Entries taken from a collection
● ● ● ● ●

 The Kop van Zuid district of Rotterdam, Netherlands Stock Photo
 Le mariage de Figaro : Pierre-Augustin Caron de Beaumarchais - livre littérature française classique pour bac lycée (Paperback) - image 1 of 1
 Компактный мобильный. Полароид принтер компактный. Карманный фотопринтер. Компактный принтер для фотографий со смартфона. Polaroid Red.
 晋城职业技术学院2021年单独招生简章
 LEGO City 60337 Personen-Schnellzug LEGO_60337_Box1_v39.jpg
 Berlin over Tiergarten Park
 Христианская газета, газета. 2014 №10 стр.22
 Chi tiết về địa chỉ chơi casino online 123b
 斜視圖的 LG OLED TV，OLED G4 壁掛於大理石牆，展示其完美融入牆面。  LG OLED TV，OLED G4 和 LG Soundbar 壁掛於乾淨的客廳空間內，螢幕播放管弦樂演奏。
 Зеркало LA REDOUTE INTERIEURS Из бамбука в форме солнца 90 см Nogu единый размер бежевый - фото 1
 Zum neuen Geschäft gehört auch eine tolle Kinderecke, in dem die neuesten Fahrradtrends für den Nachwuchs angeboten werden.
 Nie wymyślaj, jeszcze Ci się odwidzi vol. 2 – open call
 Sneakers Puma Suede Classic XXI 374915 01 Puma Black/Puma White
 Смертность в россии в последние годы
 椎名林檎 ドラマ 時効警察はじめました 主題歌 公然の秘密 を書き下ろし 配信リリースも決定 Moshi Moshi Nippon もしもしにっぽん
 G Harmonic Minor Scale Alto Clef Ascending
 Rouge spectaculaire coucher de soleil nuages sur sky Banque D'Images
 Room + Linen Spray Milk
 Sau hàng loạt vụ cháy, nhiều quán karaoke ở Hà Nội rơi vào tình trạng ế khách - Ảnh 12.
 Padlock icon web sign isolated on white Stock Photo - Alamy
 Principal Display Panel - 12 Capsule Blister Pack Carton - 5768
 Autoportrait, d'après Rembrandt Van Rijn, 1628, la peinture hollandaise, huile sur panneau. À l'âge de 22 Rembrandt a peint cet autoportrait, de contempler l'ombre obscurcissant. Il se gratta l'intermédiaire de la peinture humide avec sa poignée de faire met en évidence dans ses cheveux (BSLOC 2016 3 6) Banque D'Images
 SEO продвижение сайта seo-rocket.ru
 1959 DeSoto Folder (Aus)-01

● ● ● ● ●

■ INSTRUCTIONS TO FOLLOW ■
Start at the line containing "Autoportrait, d'après Rembrandt" and transcribe through the end of the entries. Please keep both ends and add nothing.

■ RESPONSE BOX ■
 Autoportrait, d'après Rembrandt Van Rijn, 1628, la peinture hollandaise, huile sur panneau. À l'âge de 22 Rembrandt a peint cet autoportrait, de contempler l'ombre obscurcissant. Il se gratta l'intermédiaire de la peinture humide avec sa poignée de faire met en évidence dans ses cheveux (BSLOC 2016 3 6) Banque D'Images
 SEO продвижение сайта seo-rocket.ru
 1959 DeSoto Folder (Aus)-01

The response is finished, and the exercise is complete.